Getting past Thanksgiving is easy enough. I can usually hold off until Christmas. In a good year, I’ll make it through New Year’s and maybe right past Groundhog’s Day. But to endure through Valentine’s Day without a trip to the river’s edge? Never. Maybe it’s the frustration of stalled cars and frozen batteries during our Midwestern winters. Possibly it’s the lack of buoyancy in my step, too heavily laden with boots and two pairs of L.L. Bean socks. Perhaps the culprit is snow mounding up outside my window—snow promising to melt, snow swearing to heaven that it will trickle down the hillside, chase into storm sewers, and flow on toward the Mississippi River. Whether sleet by day or storms by night, one thing’s for sure:  It’s February and I can’t wait any longer. I’m heading across the Iowa—Illinois bridge to the river.

On the Iowa side of the Mississippi, there is only one marina within close proximity to those of us who live in town, and that Yacht Club is a bit too pricey for us. The mid‑ and low‑rent districts for boat slips are across the river on the Illinois side at marinas like Frentress, Midtown, and Bent Prop. Given that the river runs along the border of these states, the way I’ve come to feel about crossing the bridge may not be entirely accurate geographically, but metaphorically it suits me.

I leave the Iowa side, emigrating from the civilized landed part of my days—college teaching and a fairly routine family life. But in crossing this bridge to Illinois, I connect with the river and its temperament, both cantankerous and comforting. From this side comes the passion that stirs that which I write about, that which I live and breathe. Crossing this bridge, I journey deeper into my own soul where the river runs through my own canyons, clifftops, and valleys.

Down at the marina, at least, I’ll run into my own kind, women and men who stand around the boat shop salivating over steel props, inspecting lines, lamenting about how soon until we get back on the river. “We ain’t opening up until May 1,” Clete grumbles when I tell him I want the boat put in by April. But it’s this way every year. I phone Clete in the middle of hard February ice, tell him I need the boat in by April. He refuses. I bellyache. He hangs up. I deliver a case of Wild Boar to the shop. Every year our boat is in by April 1—more or less. With reports of freezing sleet for later this week, however, I am more aware than ever it’s not going to be April for a long, long time yet.

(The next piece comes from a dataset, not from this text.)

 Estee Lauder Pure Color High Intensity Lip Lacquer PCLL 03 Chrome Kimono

“Cabin fever,” one of my land‑lover friends claims, “you’re just feeling cooped up.” True, there is too much stillness without the river rolling against my swimming, without it rocking my boat. With cabin fever though, you’re fine once you get out and get some fresh air, once you get “un‑cooped.” But for those of us on the river, the coop is a lot more pervasive than any cabin. I could spend January, February, and March cross‑country skiing, ice skating, or running outdoors, and I’d still be counting down until the first river trip of the year. As the temperature outside plunges, my longing for muddy water rises to fever pitch. By April, my mercurial soul erupts.

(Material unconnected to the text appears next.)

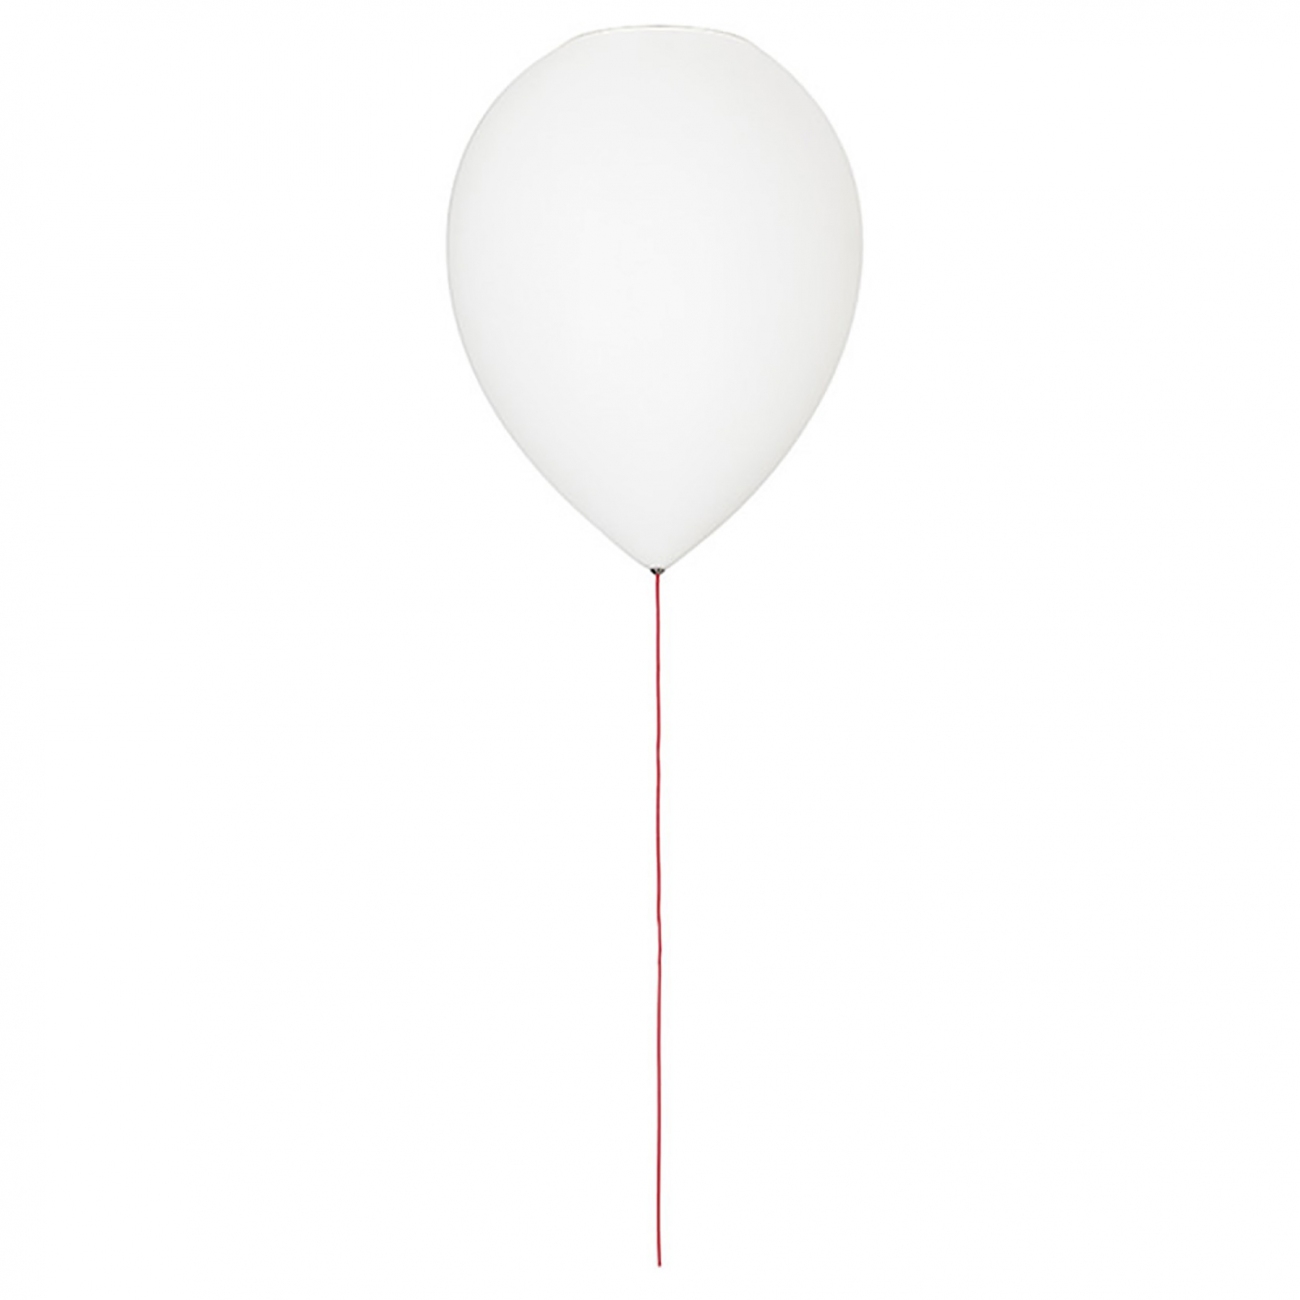 Estiluz Balloon lampada a soffitto

When animals hibernate, their heart rate slows. They save energy. Their animation is suspended, the passion in them turning from fiery orange to cobalt blue. If bears could anticipate spring—if more than physical hunger awakened them—if they could feel the earth thawing, berries ripening, ice melting into puddles, and grass‑shoots pushing up through the soil, then, I suppose, they’d feel a lot like river people do through the crustiest months of winter. We wait. That’s the difference between the bears and us.

Unlike our grizzly friends, I know what I’m missing out on right now. And I’m not satisfied with the dried nuts stored from last fall. I wait—and not patiently so. I can’t help recalling crisp early spring before color comes to the ferns along the banks; June steaming into July when the river fills with frogs and fishers, skiers and eels; star‑lit nights camping on the islands when there’s only river, a tent, and my shadow cast on the sand by moonlight; sultry Sunday afternoons when my husband, children, and I linger longer (and longer) to avoid going back to town, to avoid the harness of the world tamed.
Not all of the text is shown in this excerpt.